Instability of in-plane vortices in two-dimensional easy-plane ferromagnets

An analysis of the core region of an in-plane vortex in the two-dimensional Heisenberg model with easy-plane anisotropy λ=${\mathit{J}}_{\mathit{z}}$/${\mathit{J}}_{\mathit{x}\mathit{y}}$ leads to a clear understanding of the instability towards transformation into an out-of-plane vortex as a function of anisotropy. The anisotropy parameter ${\lambda }_{\mathit{c}}$ at which the in-plane vortex becomes unstable and develops into an out-of-plane vortex is determined with an accuracy comparable to computer simulations for square, hexagonal, and triangular lattices.

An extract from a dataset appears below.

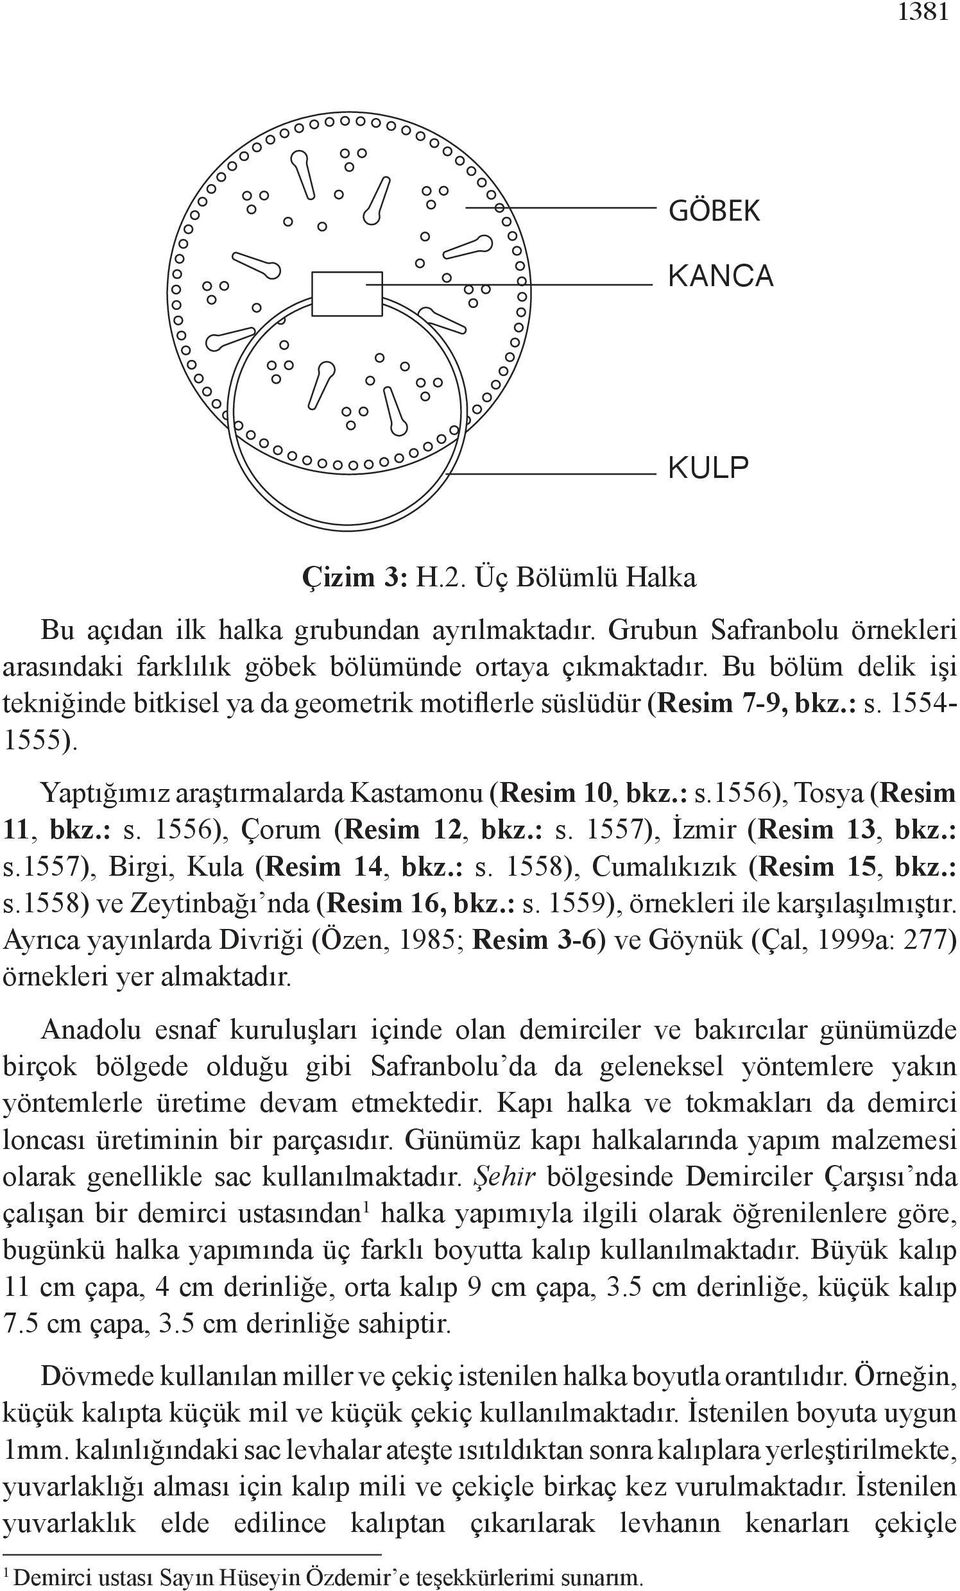 : s. 1557), İzmir (Resim 13, bkz.: s.1557), Birgi, Kula (Resim 14, bkz.: s. 1558), Cumalıkızık (Resim 15, bkz.: s.1558) ve Zeytinbağı nda (Resim 16, bkz.: s. 1559), örnekleri ile karşılaşılmıştır.
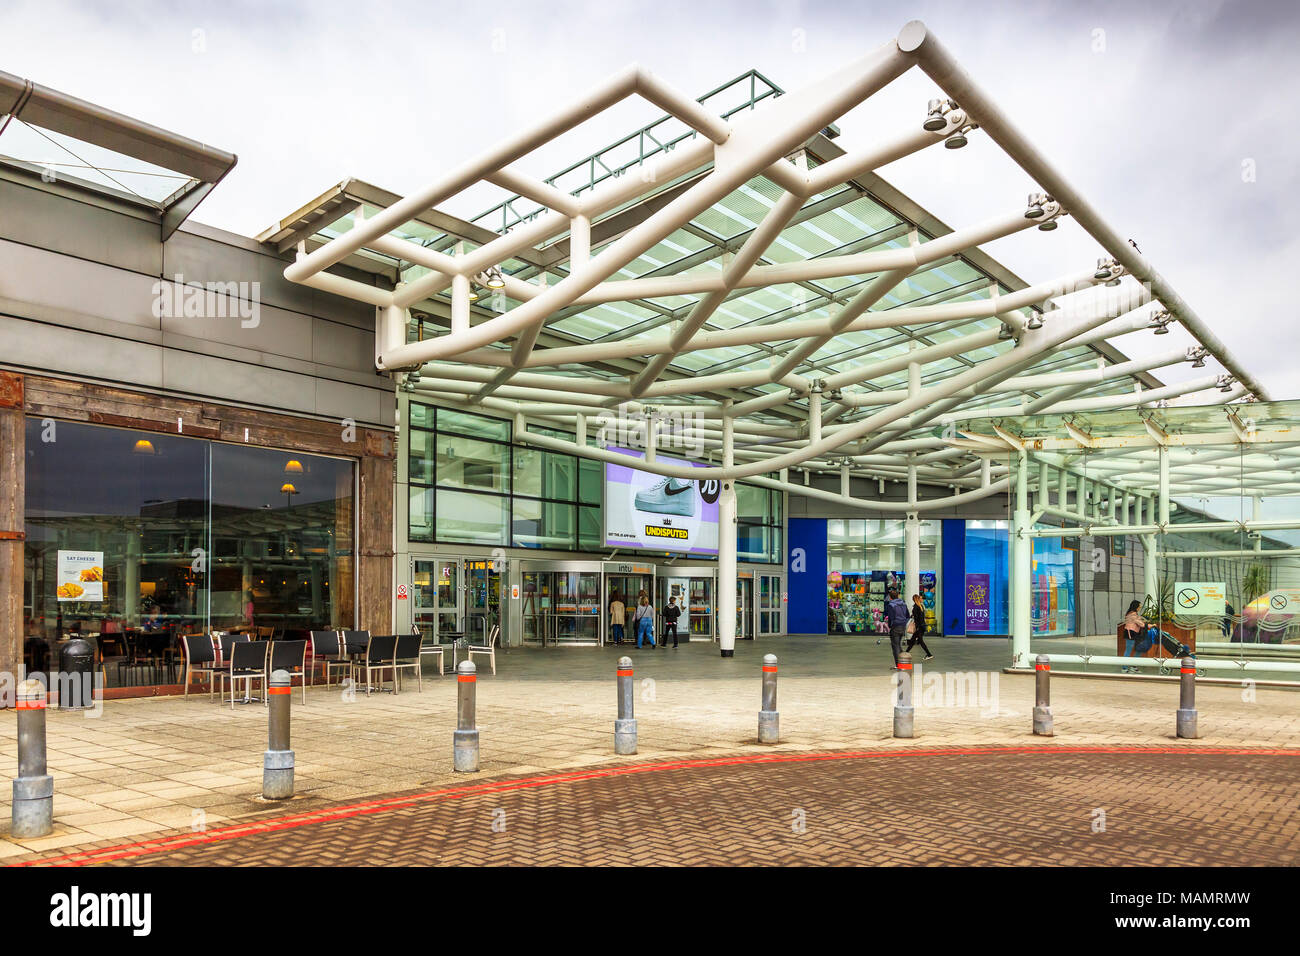 L'accès à l'entrée sud INTU Braehead shopping mall, Braehead, Renfrew, Glasgow, Ecosse Banque D'Images

For λ<${\lambda }_{\mathit{c}}$, the in-plane vortex is stable but exhibits a normal mode whose frequency goes to zero as ω∝(${\lambda }_{\mathit{c}}$-λ${)}^{1/2}$ as λ approaches ${\lambda }_{\mathit{c}}$. For λ>${\lambda }_{\mathit{c}}$, the static nonzero out-of-plane spin components grow as (λ-${\lambda }_{\mathit{c}}$${)}^{1/2}$. The lattice dependence of ${\lambda }_{\mathit{c}}$ is determined strongly by the number of spins in the core plaquette, is fundamentally a discreteness effect, and cannot be obtained in a continuum theory.